Once you find the line with "Hallo aus dem" in the entries below, print it and each line after it up to and including the line with "Lazio, la proposta", exactly, without pictures.

## MATERIAL FOR THIS EXERCISE
------------------------------------------------------------------------
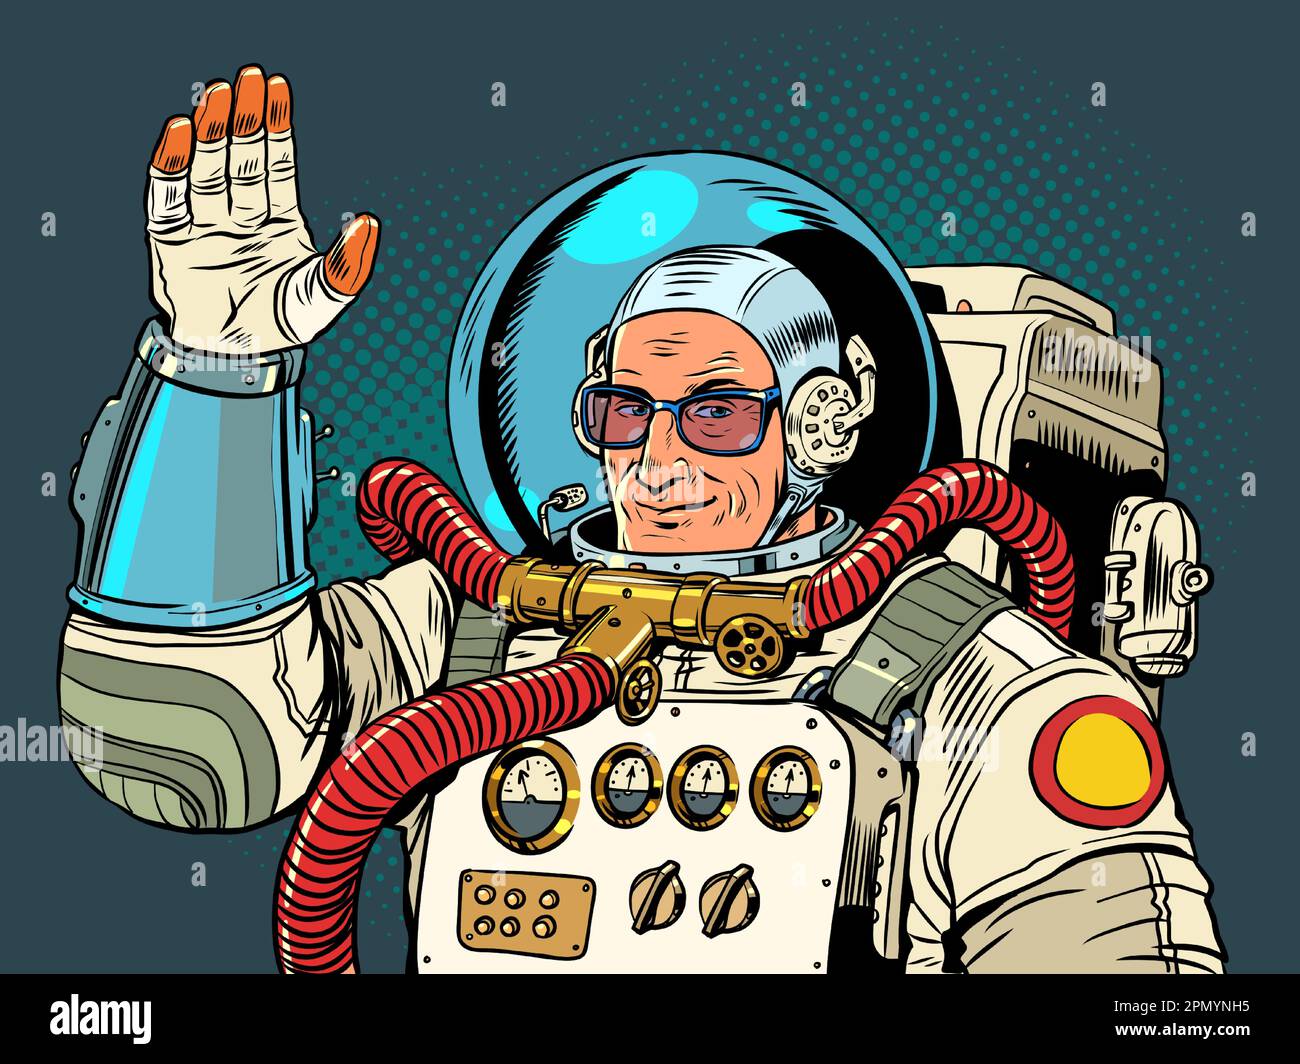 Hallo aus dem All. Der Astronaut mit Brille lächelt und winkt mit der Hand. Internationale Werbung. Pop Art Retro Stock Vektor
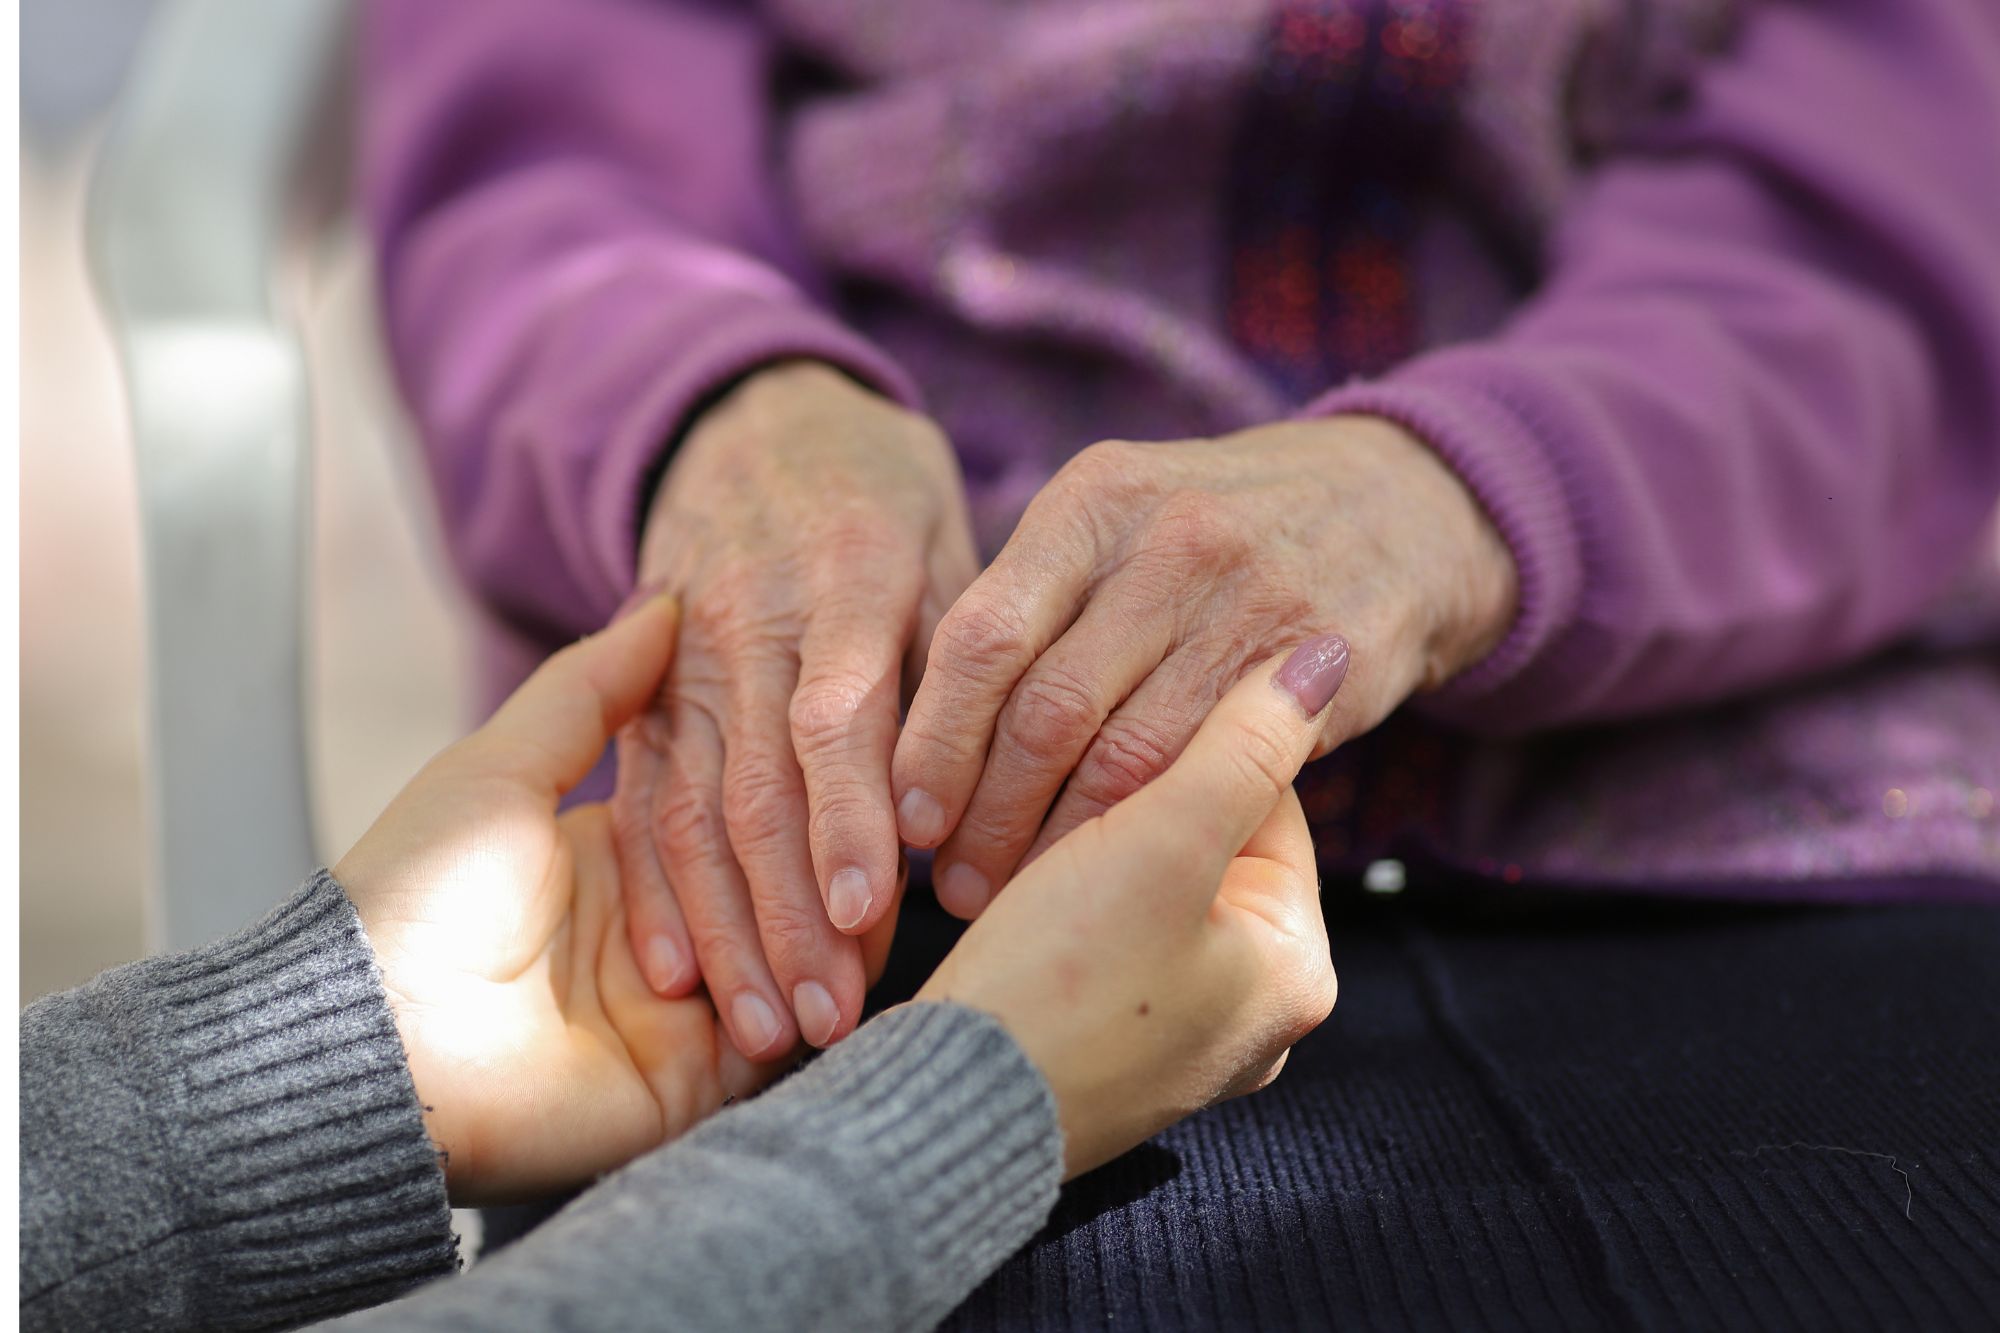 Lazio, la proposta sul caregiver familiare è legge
------------------------------------------------------------------------
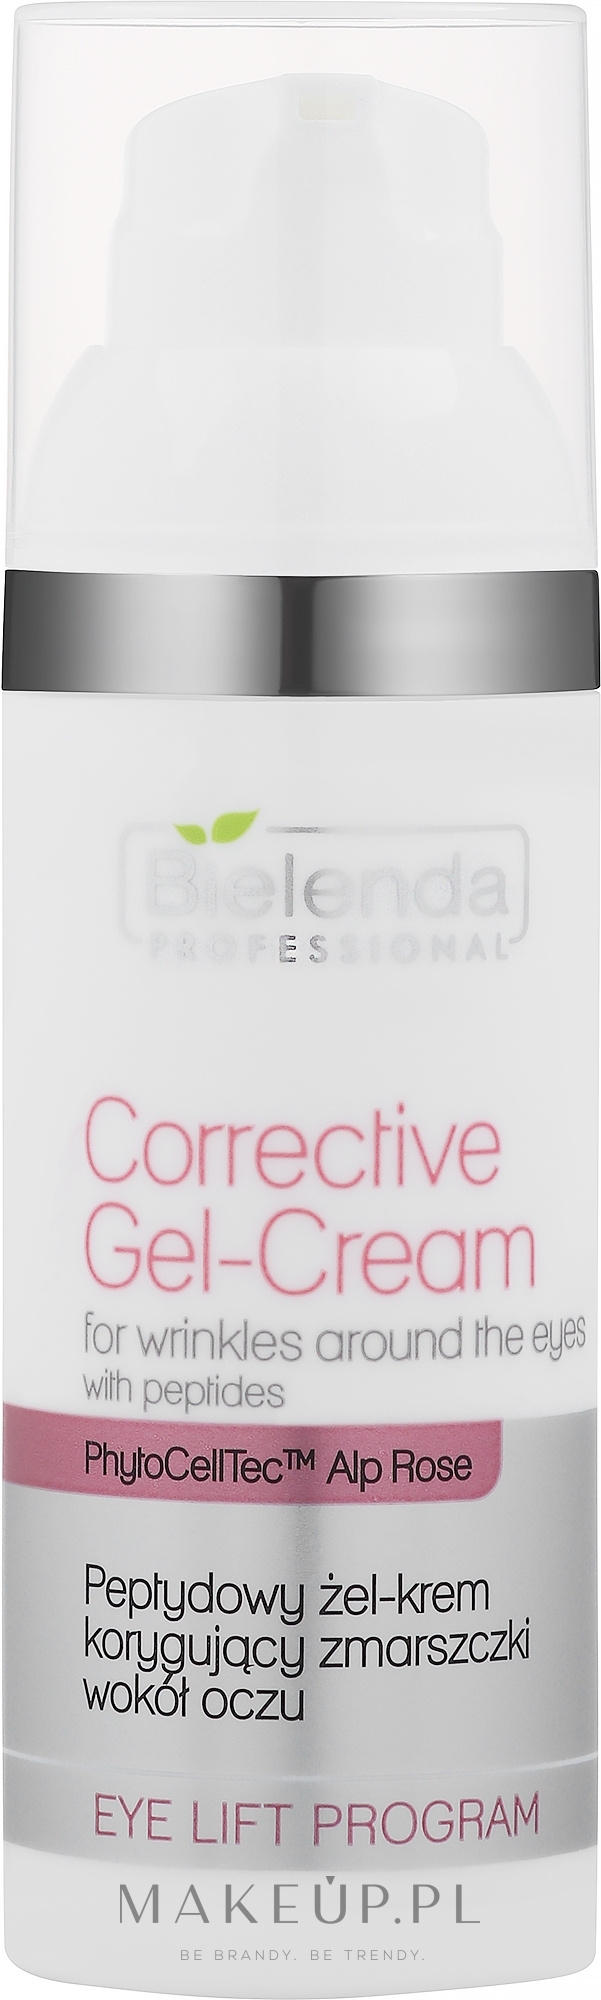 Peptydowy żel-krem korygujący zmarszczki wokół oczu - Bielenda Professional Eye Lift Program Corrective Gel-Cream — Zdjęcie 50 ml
------------------------------------------------------------------------
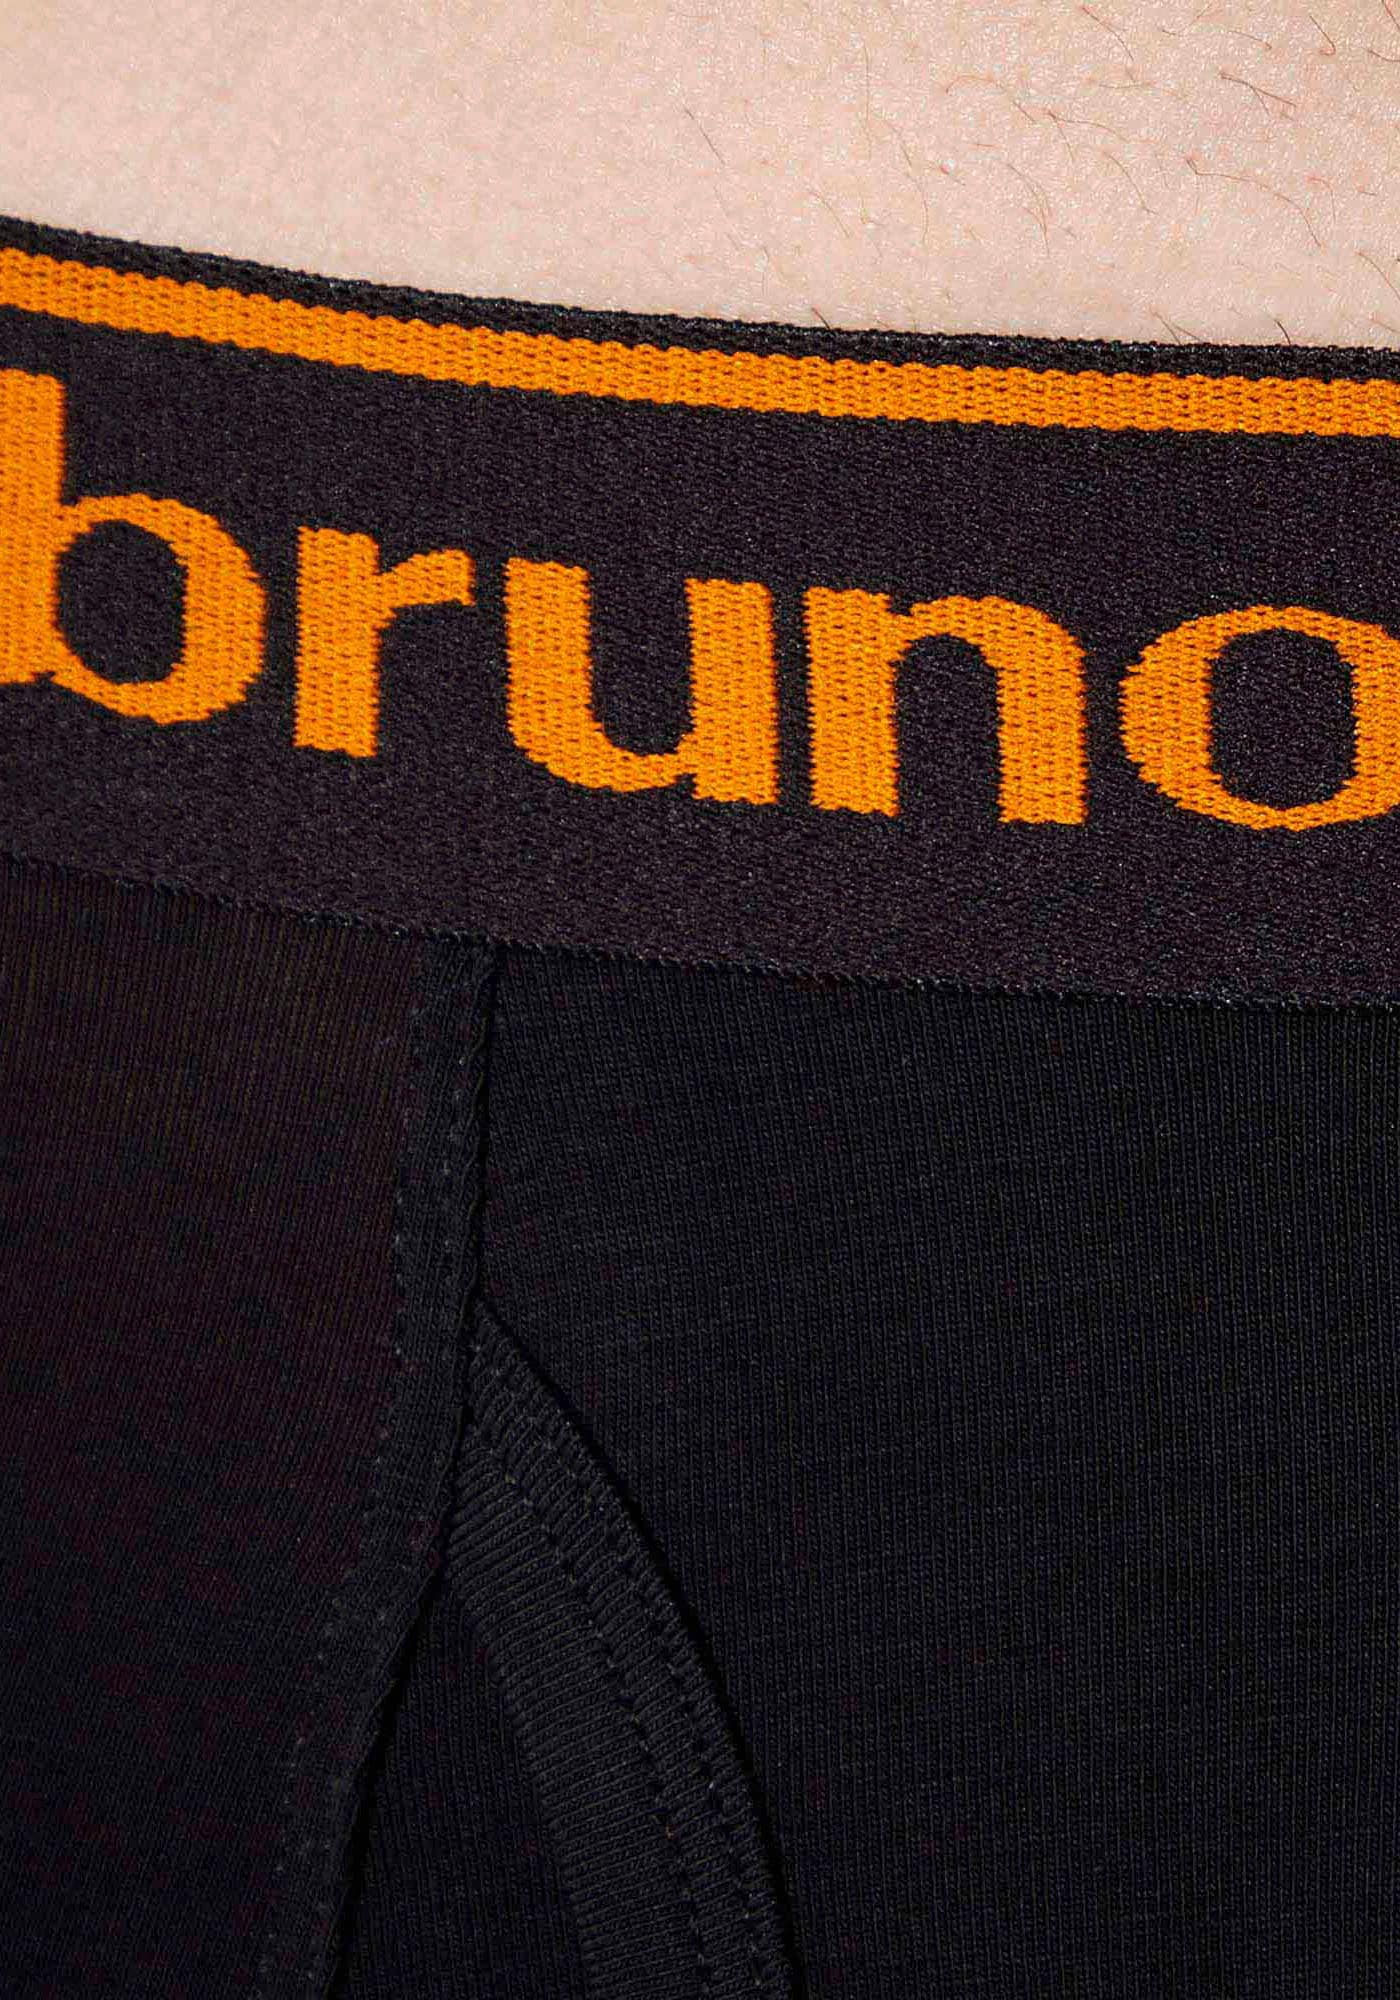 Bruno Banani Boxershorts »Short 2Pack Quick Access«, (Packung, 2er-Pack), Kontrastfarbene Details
------------------------------------------------------------------------
## THE ANSWER
 Hallo aus dem All. Der Astronaut mit Brille lächelt und winkt mit der Hand. Internationale Werbung. Pop Art Retro Stock Vektor
 Lazio, la proposta sul caregiver familiare è legge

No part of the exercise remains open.